Хорза некоторое время наблюдал за Вабслином, который побродил немного по станции, а потом тоже улегся, и все успокоилось. Хорза включил дистанционный детектор, настроив его на режим тревоги в случае определенного уровня движения.
Спал он неспокойно, просыпаясь от своих снов.
На гулких причалах и в заброшенных, погруженных в тишину кораблях за ним гнались призраки, и когда он поворачивался к ним, то неизменно видел их выжидающие глаза-мишени, похожие на разверстые пасти.
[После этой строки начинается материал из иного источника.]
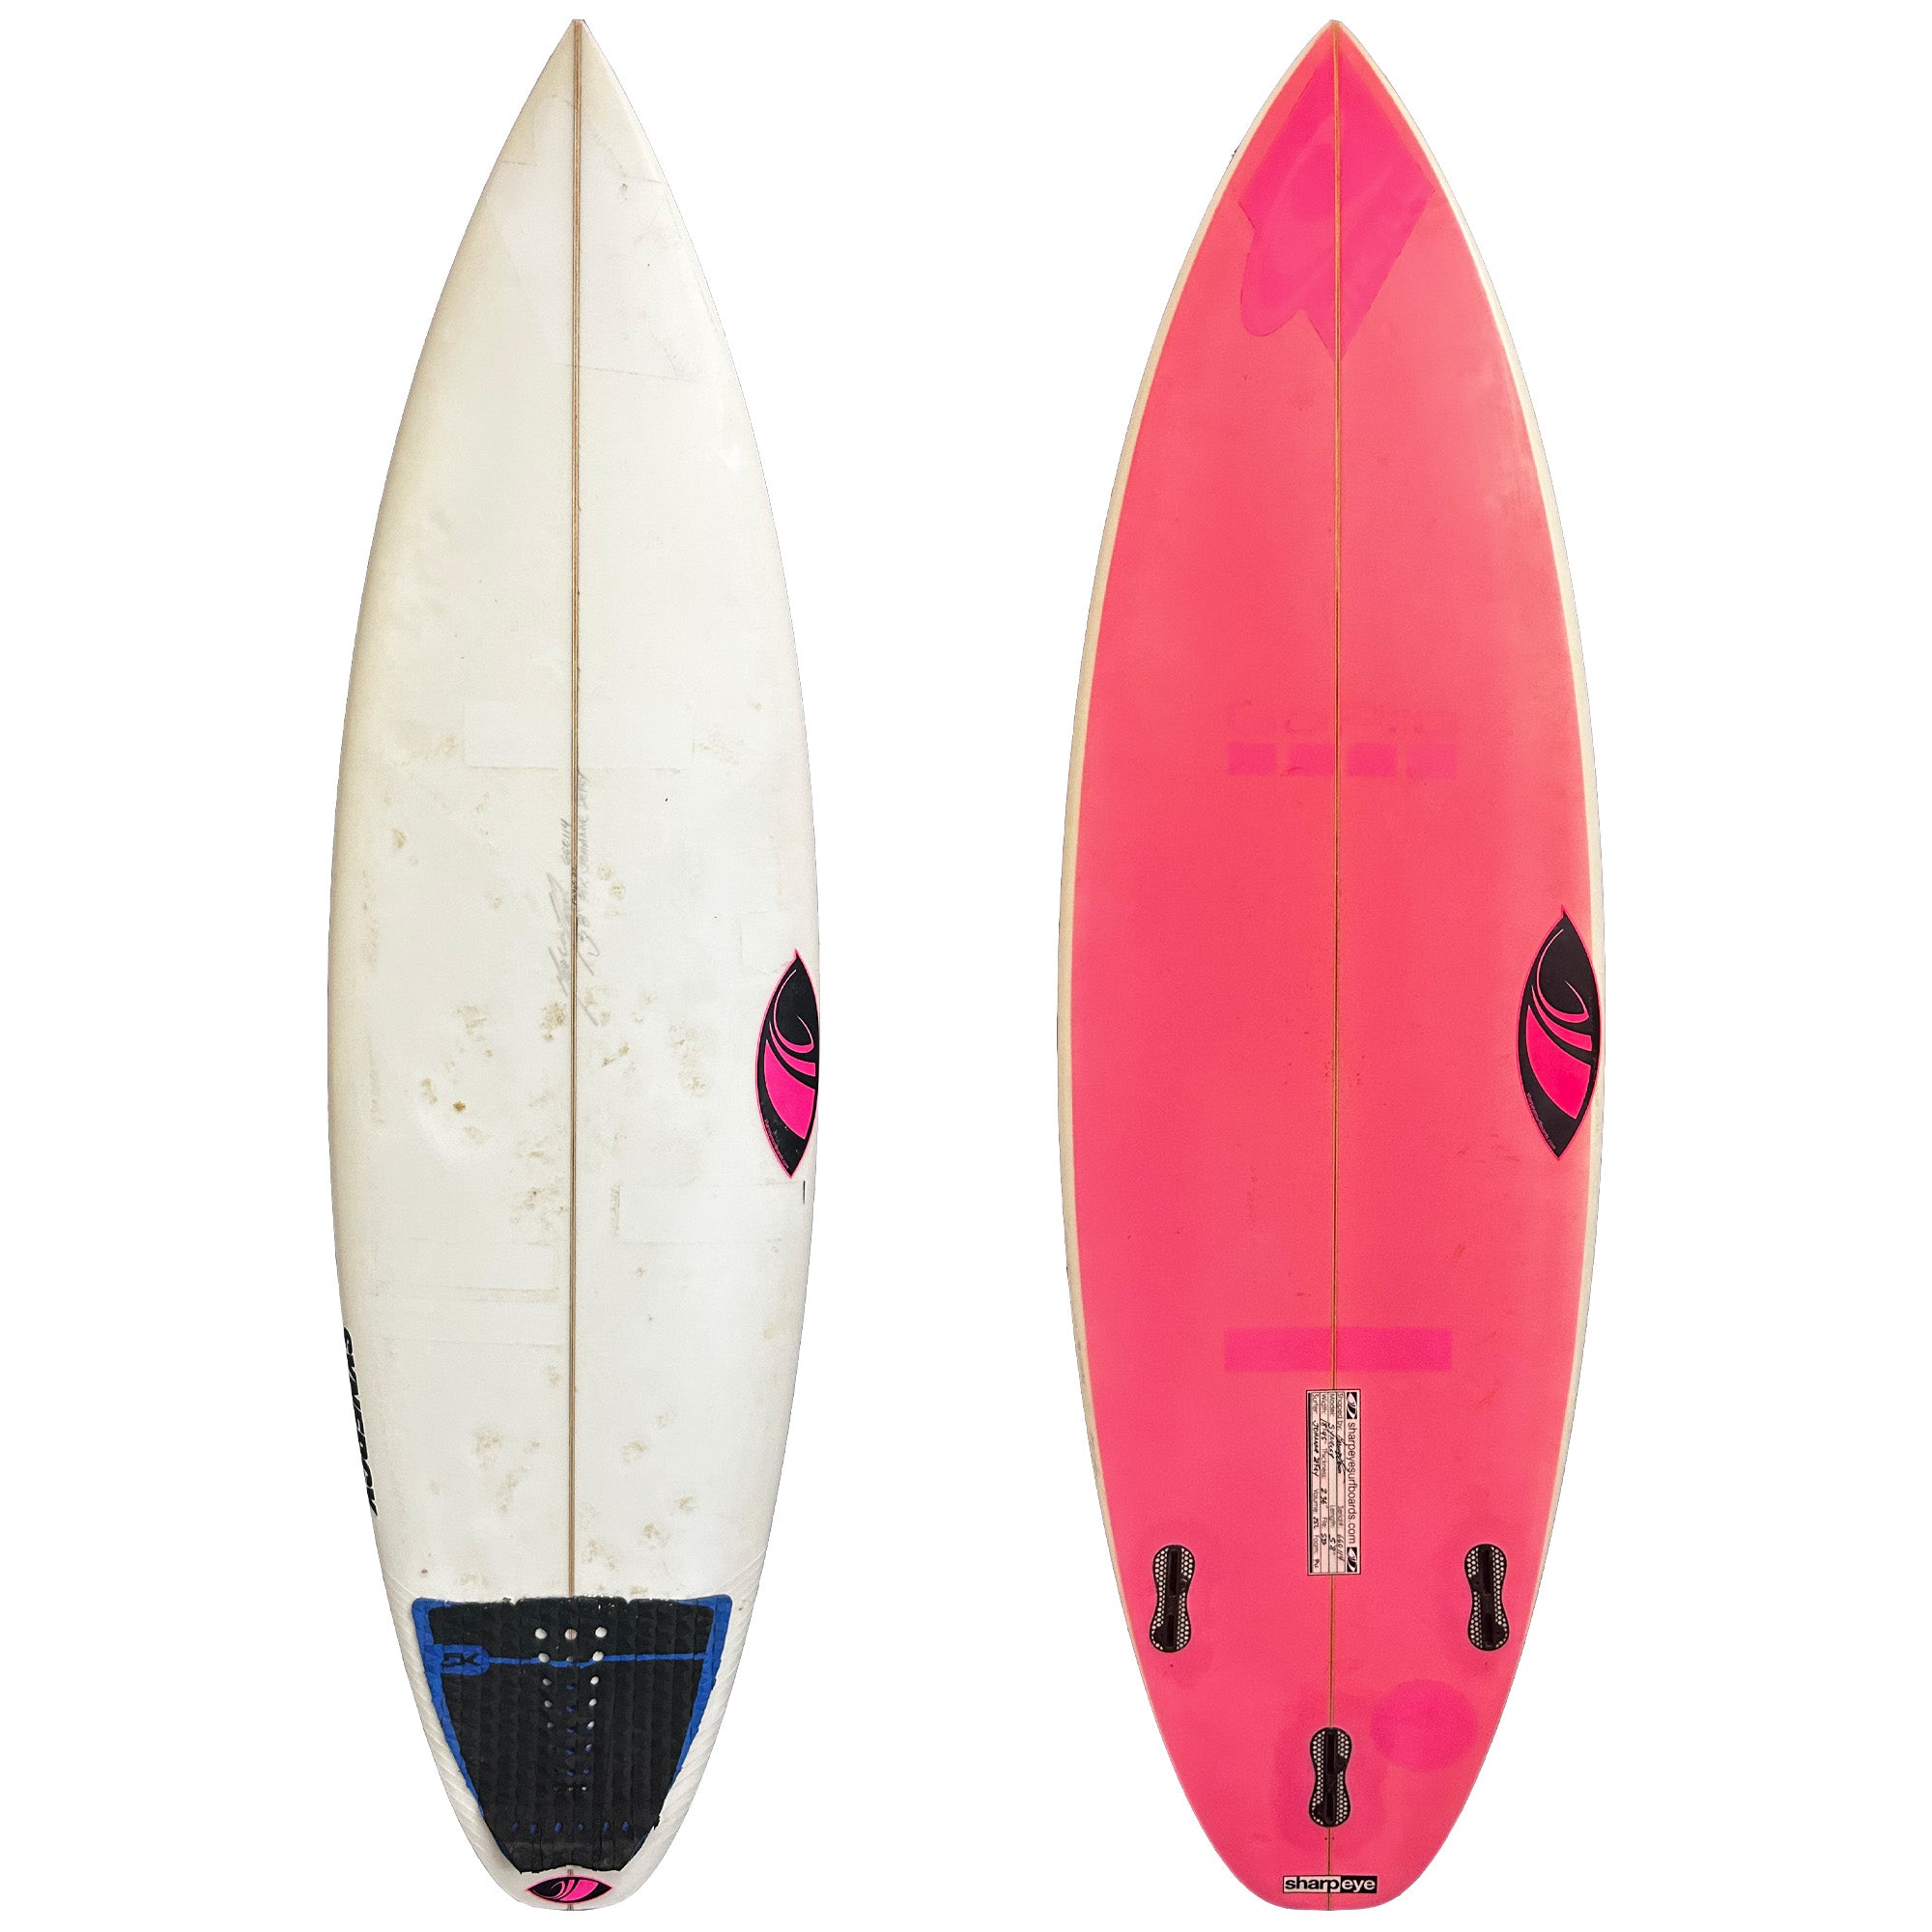 Sharp Eye Synergy 5'8 Consignment Surfboard

Эти пасти проглатывали его, и он падал в черную пропасть глаза, мимо обрамляющей ее кромки льда, кромки мертвого льда, обрамляющей холодный, голодный глаз; и вдруг он уже не падал, а бежал, невыносимо медленно, по костным пустотам собственного, медленно распадающегося на части, черепа; холодная планета была перерезана туннелями, которые разрушались, сминались под напором бесконечной стены льда, и эта стена наконец добралась до него, и он снова упал, обжигаясь, в холодную пасть туннеля, он падал, слыша шум, исходящий из холодной ледяной глотки и из его собственного рта, шум, от которого становилось холоднее, чем ото льда, и шум этот произнес:
– ЕЕЕеее…
Состояние игры: 3
Фал ’Нгистра находилась там, где ей нравилось больше всего: на вершине горы. Это было ее первое настоящее восхождение после перелома. Пик был относительно доступным, к тому же она выбрала самый легкий маршрут, но теперь, находясь на вершине и наслаждаясь открывающимся оттуда зрелищем, она только диву давалась – насколько она успела растренироваться. Зажившая нога, конечно, побаливала где-то внутри, но, независимо от этого, мышцы обеих ног ныли от усталости, словно она поднялась на гору в два раза выше этой, да еще с полным снаряжением. «Потеряла форму», – решила она.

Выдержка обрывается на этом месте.